Painting by Tintoretto

The Finding of the Body of Saint Mark or Discovery of the Body of Saint Mark is a painting by Tintoretto. Dated to between 1562 and 1566, it is part of a cycle of paintings dedicated to Saint Mark, the patron saint of Venice. It is now held in the Pinacoteca di Brera in Milan.

==Description==
The painting was commissioned by Tommaso Rangone., the “grand guardian” of the Scuola Grande di San Marco in Venice, from Tintoretto as part of a series of large canvases depicting Venice's acquisition of the body of Saint Mark.

The subject is traditionally known as Finding of the body of Saint Mark, but actually it is the Miracles of Saint Mark in the church of Boucolis in Alexandria.
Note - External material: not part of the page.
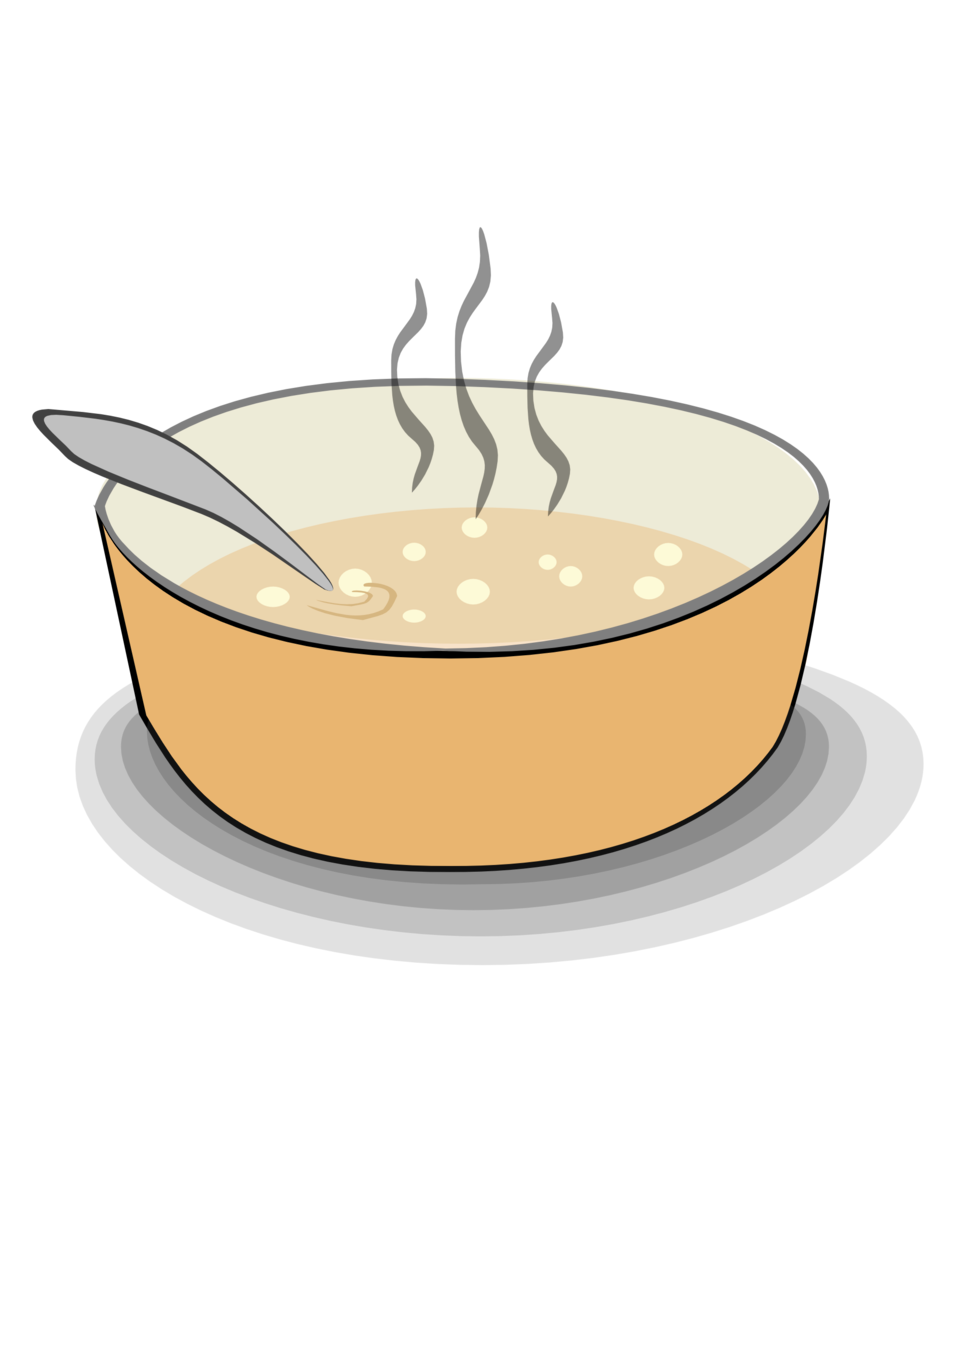 Soup can soup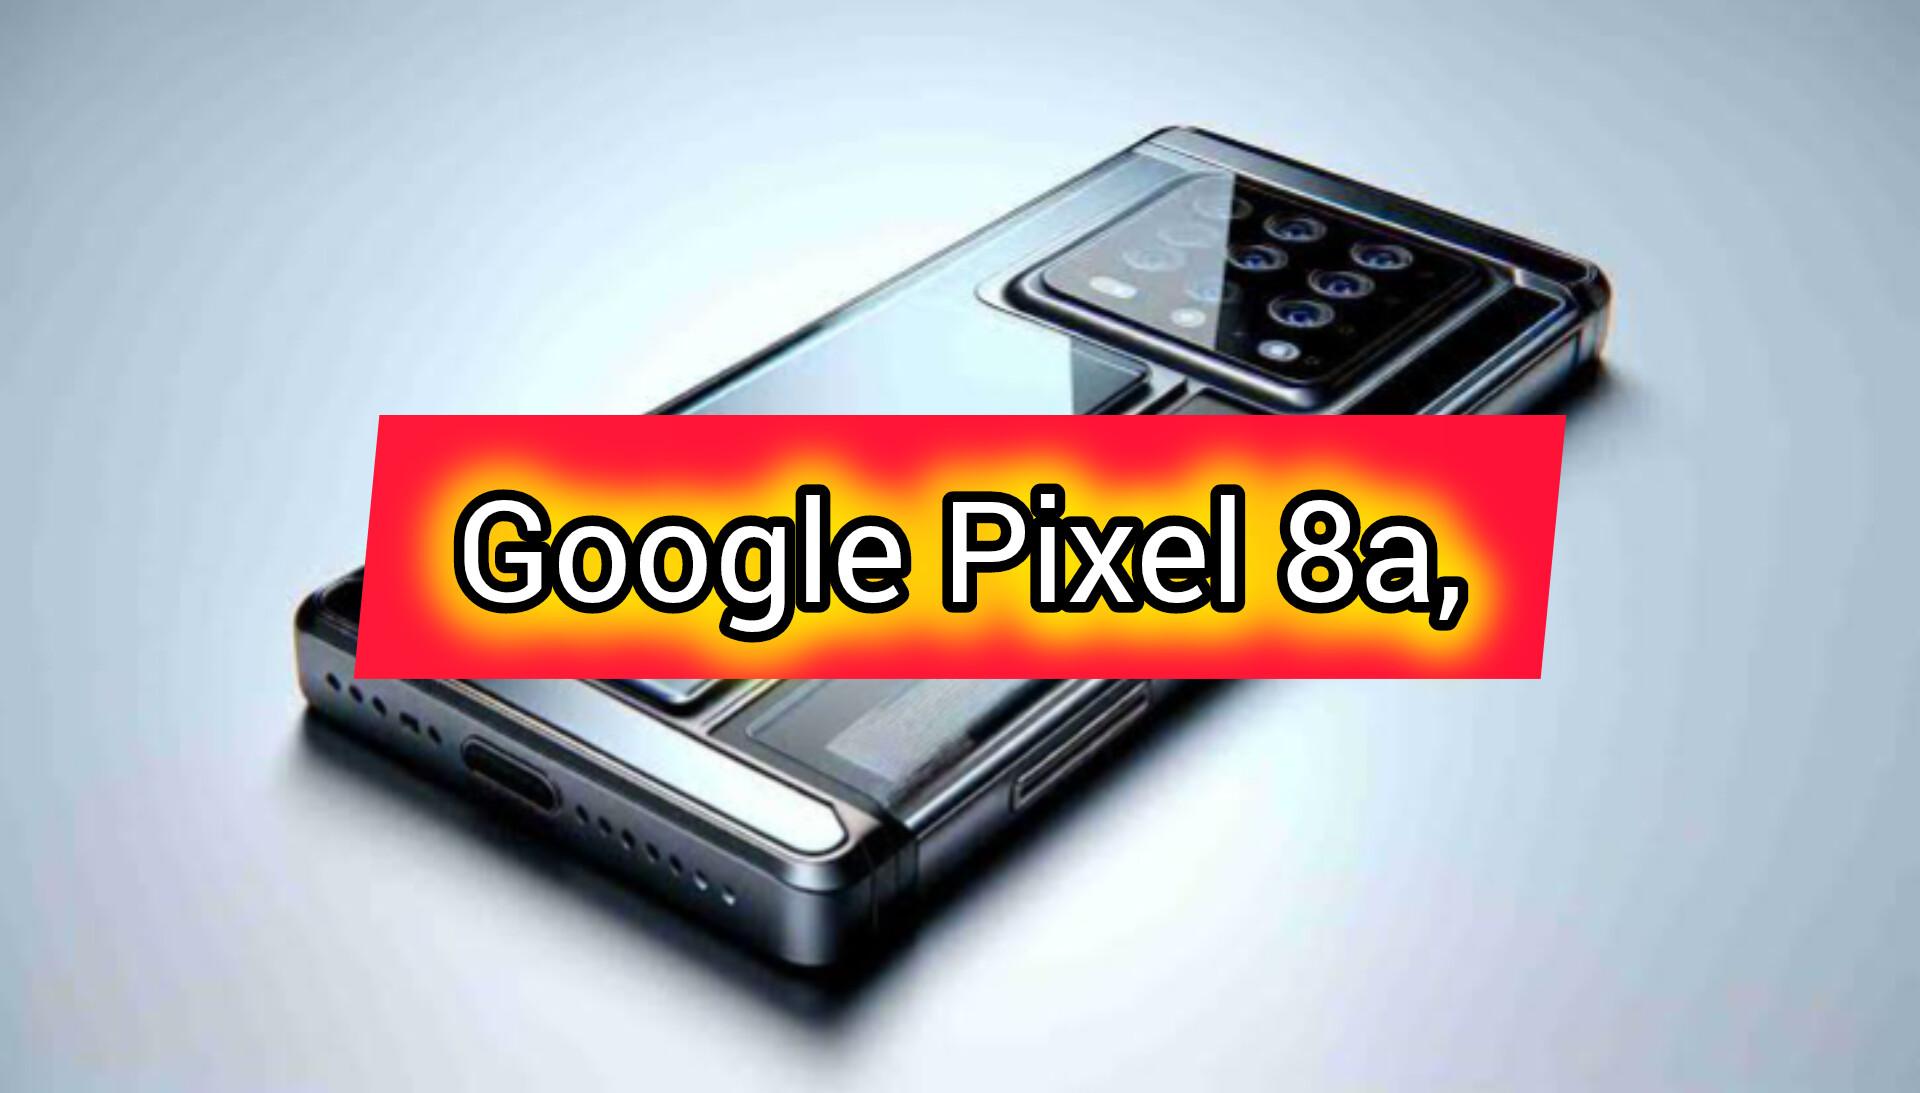 Harga Handphone Canggih Google Pixel 8a, Pixel 8a Lebih Murah dari iPhone

The same scene was already sculpted by Jacopo Sansovino in the reliefs for the St. Mark's Basilica. The saint is represented alive, with his feet on the ground, unlike the other post-mortem scenes in which he appears in flight, according to the common iconographic conventions relating to the stories of the saints.
The error was originated by Carlo Ridolfi, in his Le Maraviglie dell'arte (1648), where he wrote "il modo tenuto nel levare il corpo di san Marco".

Saint Mark is depicted curing the sick, resurrecting the dead and exorcising a man.
In the center of the canvas, an elder kneels (the portrait of Tommaso Rangone), acknowledging the miracles.

In places, the work appears unfinished (e.g. the tiles of floor and the cornices are still visible through some clothing and figures). The foreshortening is accentuated by the tiles, the wall tombs, and finally the rays of light that emerge from the crypt in the background. In the right foreground, a contorted half-naked man is described as "possessed by demons", and above him hover strands of smoke.

Like its companion piece, Saint Mark's Body Brought to Venice, the composition exemplifies Tintoretto's preference for dramatic effects of perspective and light. According to the art historian Thomas Nichols, "the linear logic of the emptied, boxlike perspective vistas is undermined by an irrational play of light and shade. Both paintings suggest the simultaneous existence of different levels of reality through the use of a range of pictorial techniques."

According to art historian Augusto Gentili, the iconography of the painting suggests that it represents not the finding of the body of Saint Mark, but Miracles of Saint Mark in the church of Boucolis in Alexandria.